Intelligize Data: Large Filers Struggling with Internal Controls After Going Public

It has been more than 20 years since Congress passed the Sarbanes-Oxley Act in response to a rash of turn-of-the-century accounting scandals. But unlike those choker necklaces and Nickelback CDs you’re holding onto from the era, SOX remains relevant today. Every new wave of public companies must learn to comply with SOX guidelines aimed at beefing up internal controls over financial reporting. A recent Deloitte report asserts that for newly public companies, that can be a painful process.

We dove into the Intelligize platform and found that the data bears out that claim. If that doesn’t surprise you, this might: large public companies are having a rougher time of it than their smaller counterparts. In fact, in a review of filings from 560 domestic non-SPAC companies that went public in 2020-22, large accelerated filers reported weak internal controls at a rate (17%) more than five times higher than smaller reporting companies (3.3%).
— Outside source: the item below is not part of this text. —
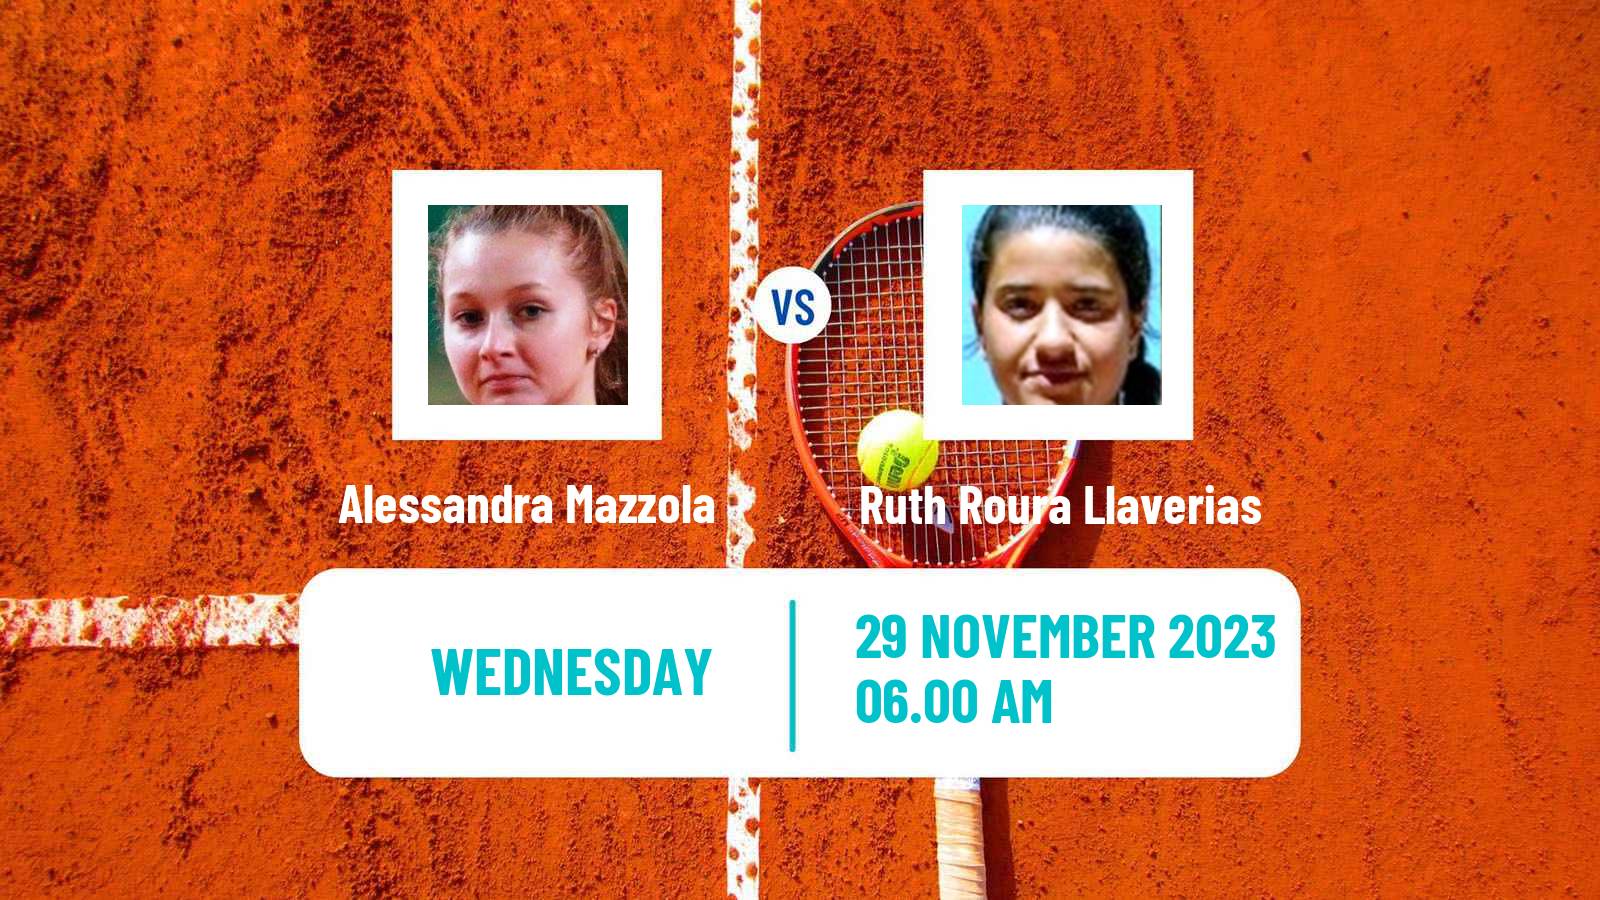 Tennis ITF W15 Valencia Women Alessandra Mazzola - Ruth Roura Llaverias

Across all 560 companies in our sample, 7.7% have disclosed material weakness in their internal controls. That’s more than twice the rate of the 353 smaller reporting companies we studied. Emerging growth companies beat the overall average as well; only 4.7% of the 378 “EGCs” in our sample reported material weaknesses. (For those doing the math: smaller reporting companies and EGCs are overlapping groups.) The relatively low numbers for EGC should perhaps be expected, as ECGs are exempt from certain SOX-related compliance burdens, including the requirement for an “independent auditor attestation of management assessment of its ICFR.”

Regardless, the collapse of Silicon Valley Bank, which had many venture-backed clients, has focused attention on the lack of financial controls at emerging companies. One industry expert says that 80% of early-stage companies lack a CFO. That sounds like a problem. But our finding that 17% of large accelerated filers have reported weak internal controls suggests that the problems may be even greater at the large end.

So where are these companies falling down? The Deloitte report identified five “pain points” that newly public companies experience in attempting to comply with SOX. Perhaps the least intuitive of those is getting the right IT in place. The report says: “Companies should not underestimate the importance of a sustainable and reliable IT infrastructure to support operational needs and financial reporting requirements.”

But some, apparently, have. In a 10-K filed in March, Compass Inc. acknowledged that it lacked “sufficient oversight of activities related to internal control over financial reporting,” and attributed that, in part, to its failure to “design and maintain effective controls over information technology, or IT.” After going into some detail on its IT deficiencies, including inadequate “user access controls,” Compass noted that its various IT shortcomings, “in the aggregate constitute a material weakness.” Likewise, in a 10-K from December, Weber Inc. also disclosed that it failed to “maintain adequate user controls” for its “financial IT applications, programs and data.”

Other companies have pointed to issues that Deloitte did not specifically identify. Goldenwell Biotech Inc., for instance, noted the fact that its board of directors does not have a majority of independent or outside members, and characterized that as a deficiency in its internal controls over financial reporting.

Regardless of the particular weakness, the companies reporting them can only hope that they are more passing fad than long-lived pain—more Nickelback, that is, than Springsteen.